CHAPTER XIX.
IN PLEASANT SUMMER WEATHER.

“Who could think of storms and shipwrecks in an atmosphere like this?”

The sun was setting in a gorgeous bank of cloud that presaged weather fine and settled for days to come. Its last rays glowed on a vast expanse of ocean, calm and brilliantly blue. Sky and sea were alike at peace and beautiful.

“Yes, storms and shipwrecks seem idle dreams,” murmured Nina, again.

There was only one restless thing in the whole extent of the wide horizon,—the huge steamer cutting her way swiftly through the deep blue waves, and seeming in the silence that brooded over the waste of waters to be a living, sentient thing. In the quiet of this exquisite summer evening, her movements appeared unseemly. Ah, no, they were not! She had a reason. Every throb of her iron heart seemed to say, “Make haste, make haste, a day will come when the tiny, guileless waves lapping your sides will be transformed into raging, furious fiends, dashing themselves against your iron plates as if to wrest your living victims from you.”

Nina shuddered, and, extending her body seawards, looked down at the track of frothy white foam trailing out behind her; and at this moment when her thoughts were far away, when her eyes were trying to pierce the depths of the beautiful fickle element below, some one came softly behind her, and uttered the prosaic words, “Dinner is served, ma’am.”

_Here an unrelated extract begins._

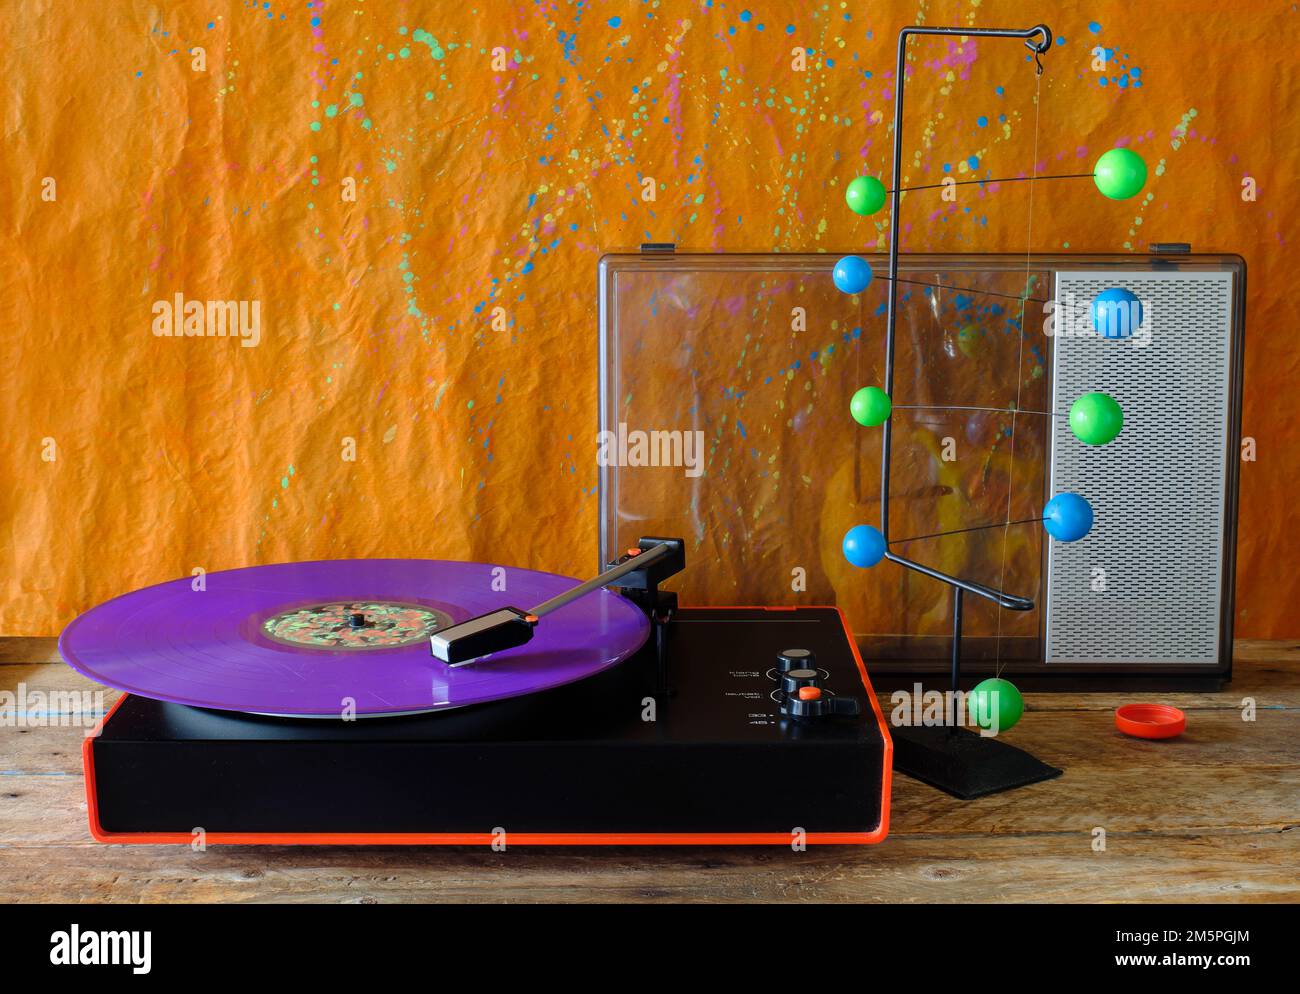 Klassischer Plattenspieler mit violettem Schallplattenspieler, Lautsprecher und Pop-Art-Objekt Stockfoto

“Thank you, I don’t care for any,” she observed, with a start; and the too attentive Merdyce crept disappointedly away.

Nina tried to resume her interrupted soliloquy, but the charm was broken. She cast a regretful glance at the sparkling sea, the rosy sky; then, turning, looked down a near skylight into the dining-saloon. Everybody was at dinner. The stewards, like kindly birds of prey, hovered over the long tables, then departing, wheeled and circled about the corners of the room, in their efforts to obtain fresh supplies of food for their hungry charges.